Is there a role for Vitamin D in reducing cancer risk?
A large number of scientific studies have investigated a possible role for vitamin D in cancer prevention.
The first results came from epidemiologic studies known as geographic correlation studies. In these studies, an inverse relationship was found between sunlight exposure levels in a given geographic area and the rates of incidence and death for certain cancers in that area. Individuals living in southern latitudes were found to have lower rates of incidence and death for these cancers than those living at northern latitudes. Because sunlight/UV exposure is necessary for the production of vitamin D3, researchers hypothesized that variation in vitamin D levels accounted for the observed relationships.
Evidence of a possible cancer-protective role for vitamin D has also been found inlaboratory studies of the effect of vitamin D treatment on cancer cells in culture. In these studies, vitamin D promoted the differentiation and death (apoptosis) of cancer cells, and it slowed their proliferation.
Randomized clinical trials designed to investigate the effects of vitamin D intake on bone health have suggested that higher vitamin D intakes may reduce the risk of cancer. One study involved nearly 1,200 healthy post-menopausal women who took daily supplements of calcium (1,400 mg or 1,500 mg) and vitamin D (25 μg vitamin D, or 1,100 IU―a relatively large dose) or a placebo for 4 years. The women who took the supplements had a 60 percent lower overall incidence of cancer; however, the study did not include a vitamin D-only group.
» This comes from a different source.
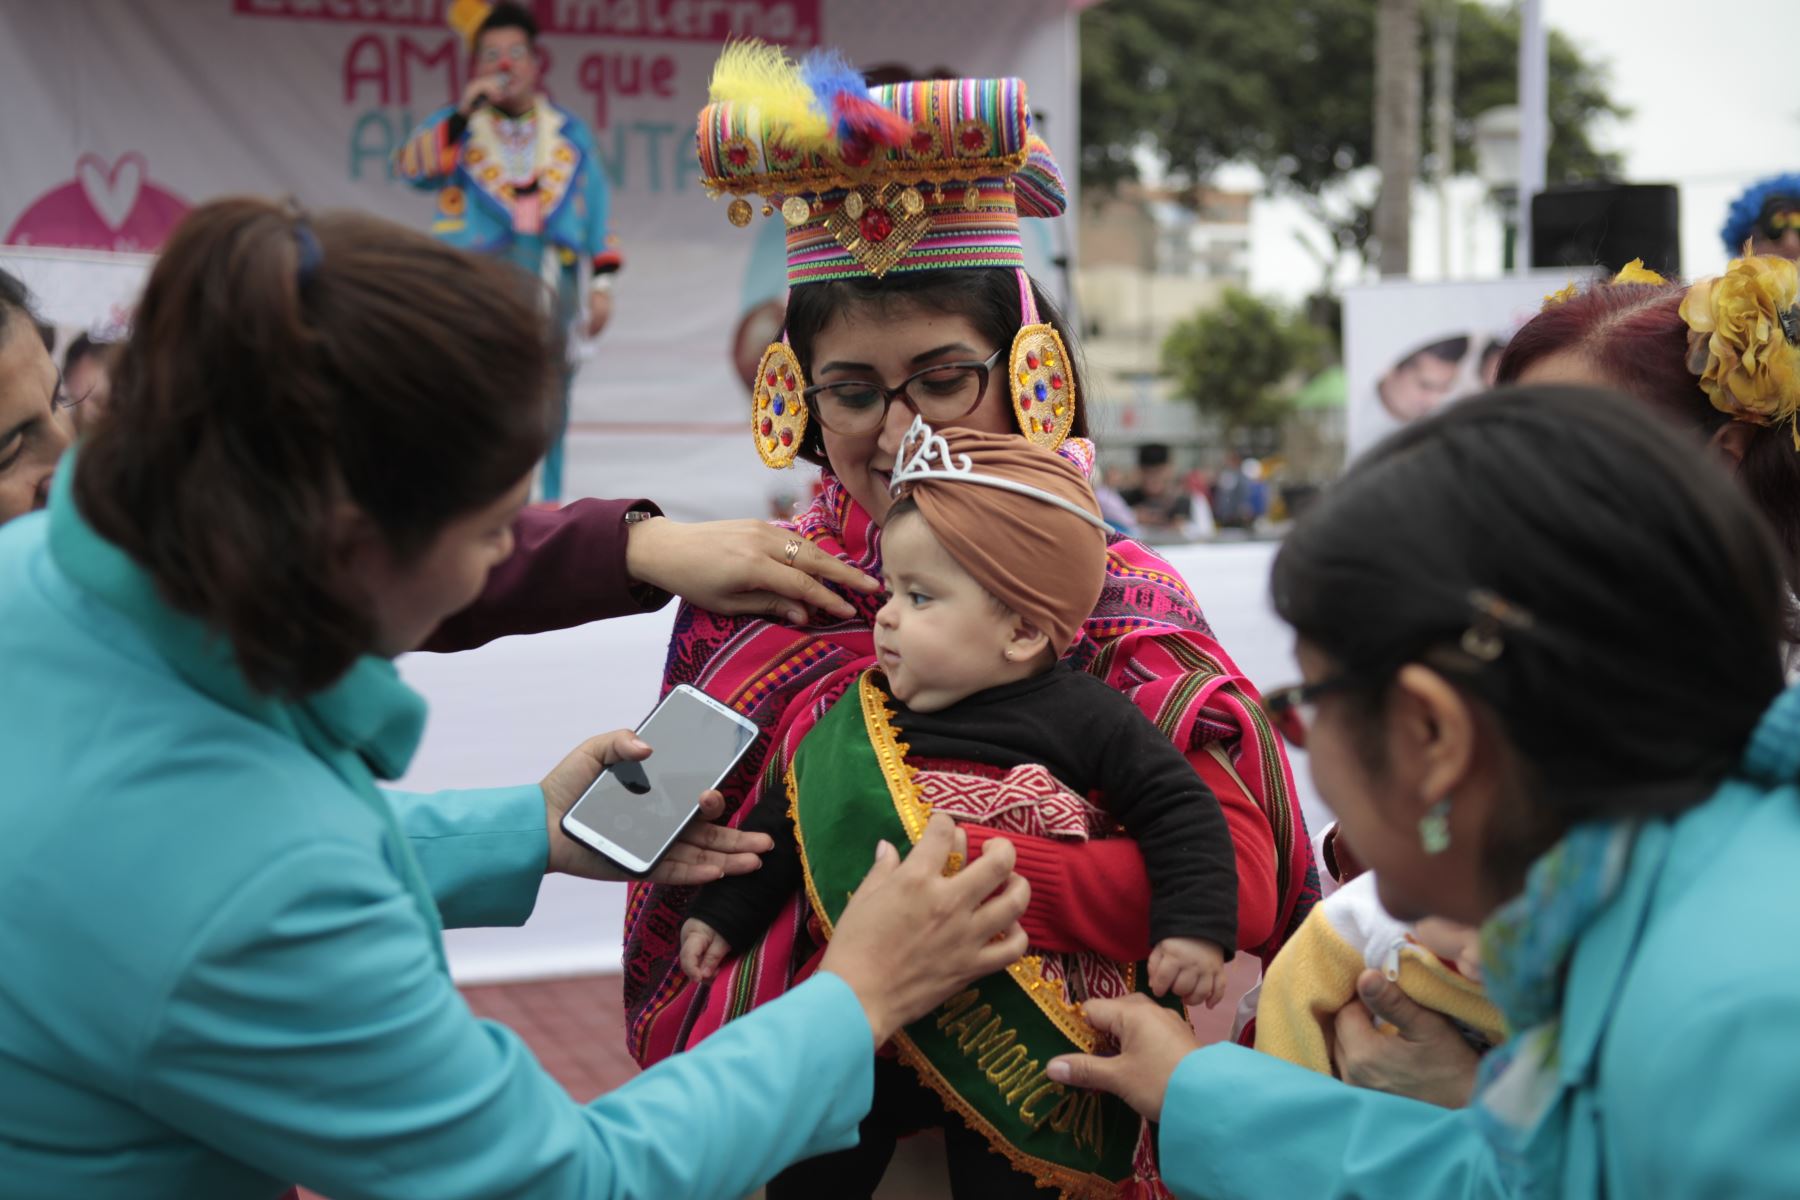 Feria de cuidados preventivos, en el marco de la Semana de la Lactancia Materna en el parque Tupac Amaru del distrito de Magdalena del Mar.
Foto: ANDINA/Miguel Mejía Castro

Moreover, the primary outcome of the study was fracture incidence; it was not designed to measure cancer incidence. This limits the ability to draw conclusions about the effect of vitamin D intake on cancer risk.
A number of observational studies have investigated whether people with higher vitamin D levels or intake have lower risks of specific cancers, particularly colorectal cancer and breast cancer. Associations of vitamin D with risks of prostate, pancreatic, and other, rarer cancers have also been examined. These studies have yielded inconsistent results, most likely because of the challenges of conducting observational studies of diet . Information about dietary intakes is obtained from the participants through the use of food frequency questionnaires, diet records, or interviews in which the participants are asked to recall information about their dietary intakes. Information collected in this manner can be inaccurate. In addition, only recently has a comprehensive food composition database with vitamin D values for the U.S. food supply become available. Other dietary components orenergy balance may also modify vitamin D metabolism.
Measuring blood levels of 25-hydroxyvitamin D to determine vitamin D status avoids some of the limitations of assessing dietary intake. However, vitamin D levels in the blood vary by race, with the season, and possibly with the activity of genes whose products are involved in vitamin D transport and metabolism. These variations complicate the interpretation of studies that measure the concentration of vitamin D in serum at a single point in time.
Finally, it is difficult to separate the effects of vitamin D and calcium because of the complicated biological interactions between these substances. To fully understand the effect of vitamin D on cancer and other health outcomes, new randomized trials will need to be carried out. However, the appropriate dose of vitamin D to use in such trials is still not clear.